Today is Bring a Friend Sunday, and so to you folks who have come as friends:  Welcome.  We are so pleased that you are here. We hope you feel the hospitality of our congregation. You are welcome here anytime. There is so much I would have you know about our life together in this place, so much that can only be ex­perienced over time:  that our life is rich and full; that we laugh often; that we cry together; that we seek to discern God’s purpose for our living – as individuals and as a community; that we understand that life is not about ourselves alone, but that we are called to make the world a better place; that there is not “us” and “them” in the world; there is only “we.”  We gather here week by week by week because our lives are richer when we do this.

If I could say to you only one thing this morning, it would be this:  you are loved, loved more than you will ever know, loved not because you are perfect, but because God made you.

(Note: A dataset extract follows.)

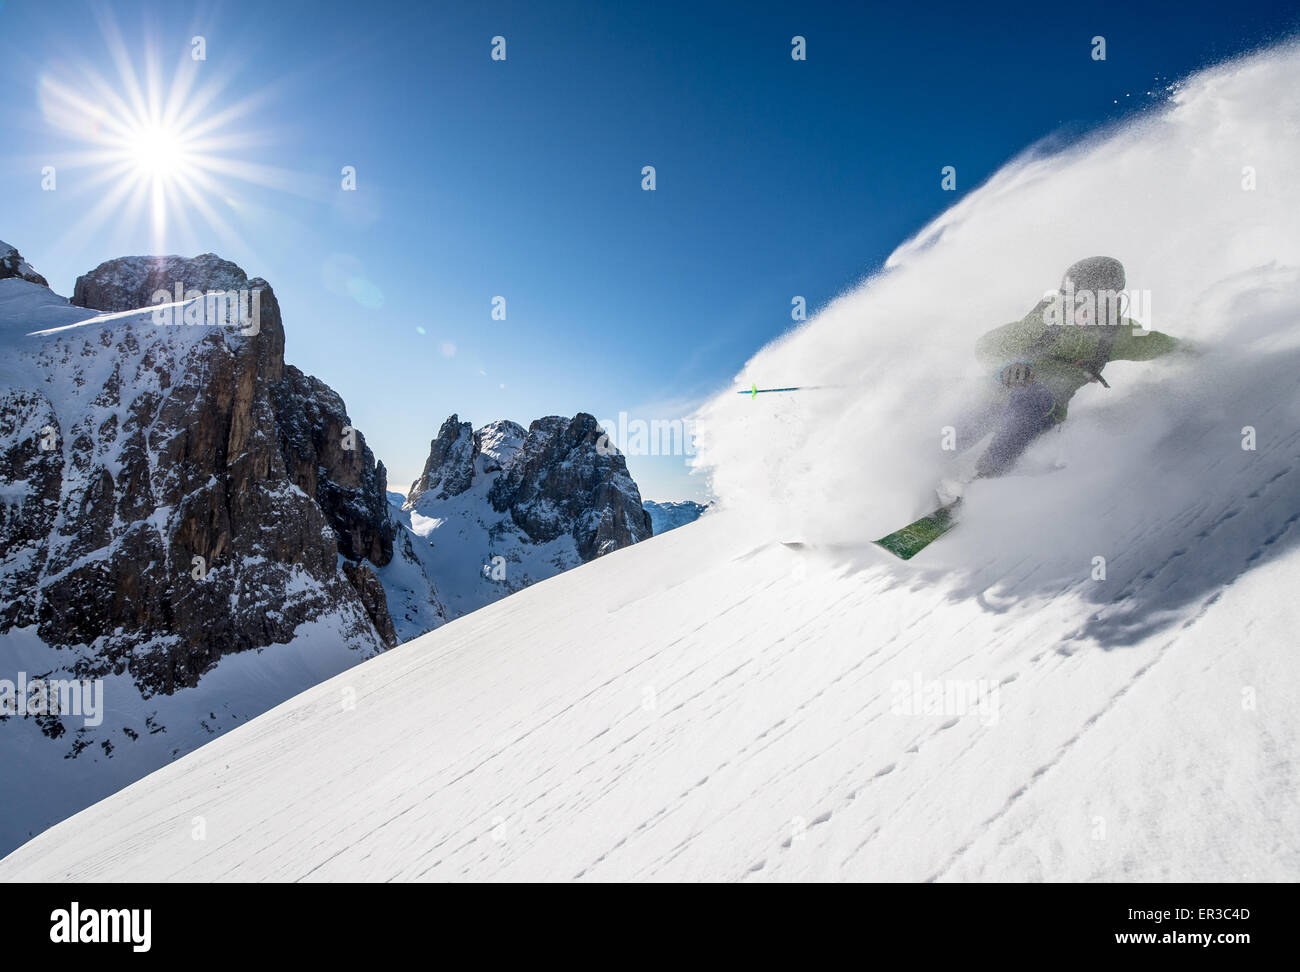 Man skiing off piste, Dolomites, Italy Stock Photo

You are not alone – we are here with one another to share the road, and God’s Spirit companions the journey.  We believe – we know – the journey is worth it.

French theologian Teilhard de Chardin reminds us:  “You are not a human being in search of a spiritual experience. You are a spiritual being immersed in a human experience.”  We come here and make our appeal to God in the same words of the desert fathers and mothers so many centuries ago: “God, make us truly alive.”  If spiritual formation is grounded in practices, ways of life, things that we do with and for each other to make and keep life human, then we are invited to practise being fully present to one another and to God, placing ourselves in the presence of awe and joy and mystery. And when life is challenging and difficult, more than we might ever have though­t possible, there is a community, a people, to journey with us, a faith to hold us together. People in the church know this; know our need of one another to make the journey together.”

Enjoy this day, for it is God’s gift to us.
Honour the questions; live into their answers.
Be glad for this time together,
for you are welcome here.
Open your eyes to the wonder of this time, this place, these people, God’s world.
And may our journey be blessed with sturdy companions and a love to fill and heal the universe.  Amen.